(AIM OF THE TASK) Lines from the one containing "a. Surface de" to the end of the records, both ends included and exactly as written, are the whole answer, and no pictures go in it.

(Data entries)
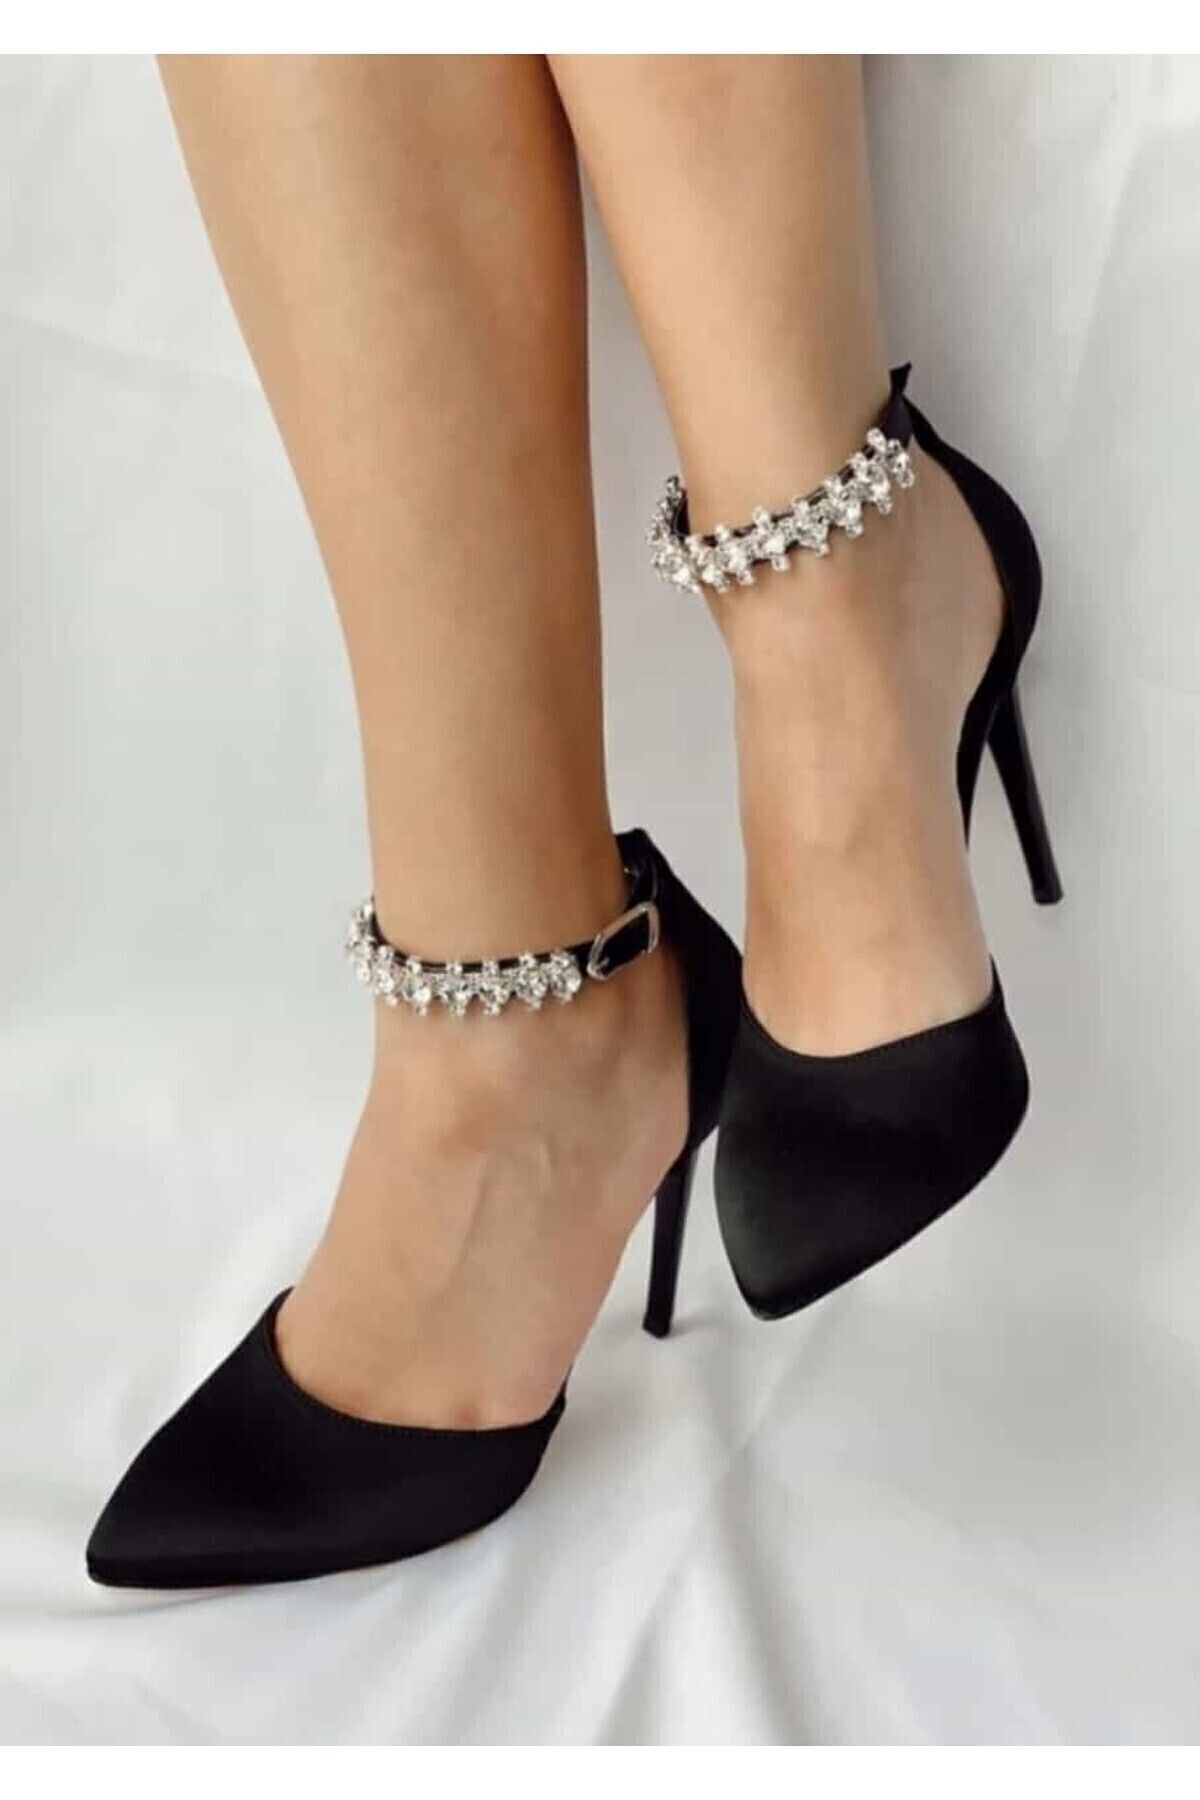 Maldari Siyah Saten Gümüş Taşlı Bantlı Topuklu Ayakkabı
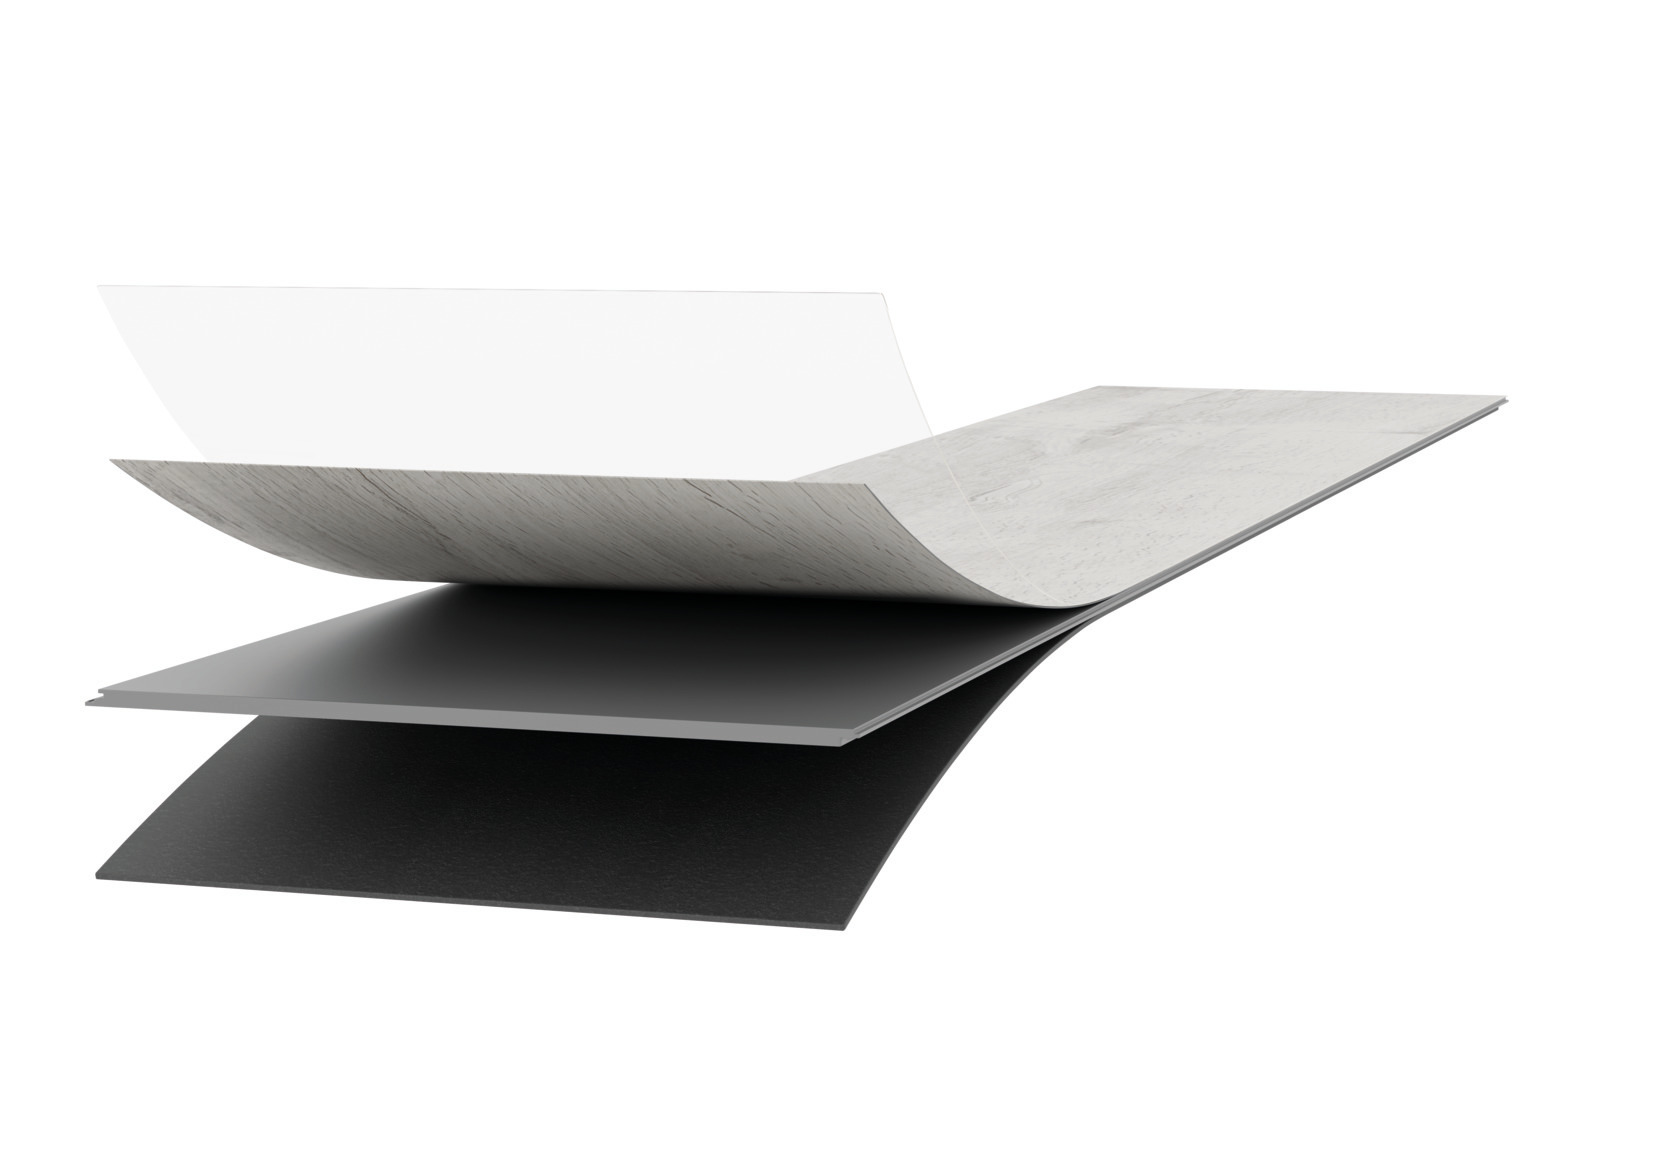 a. Surface de vinyle multicouche (couche d'usure 0,55 mm) avec vernissage Excimer
b. Couche de décor
c. Support spécial de polymère rigide - étanche
d. Avec isolation phonique de 1 mm (mousse XPS)

(RESPONSE BOX)
 a. Surface de vinyle multicouche (couche d'usure 0,55 mm) avec vernissage Excimer
b. Couche de décor
c. Support spécial de polymère rigide - étanche
d. Avec isolation phonique de 1 mm (mousse XPS)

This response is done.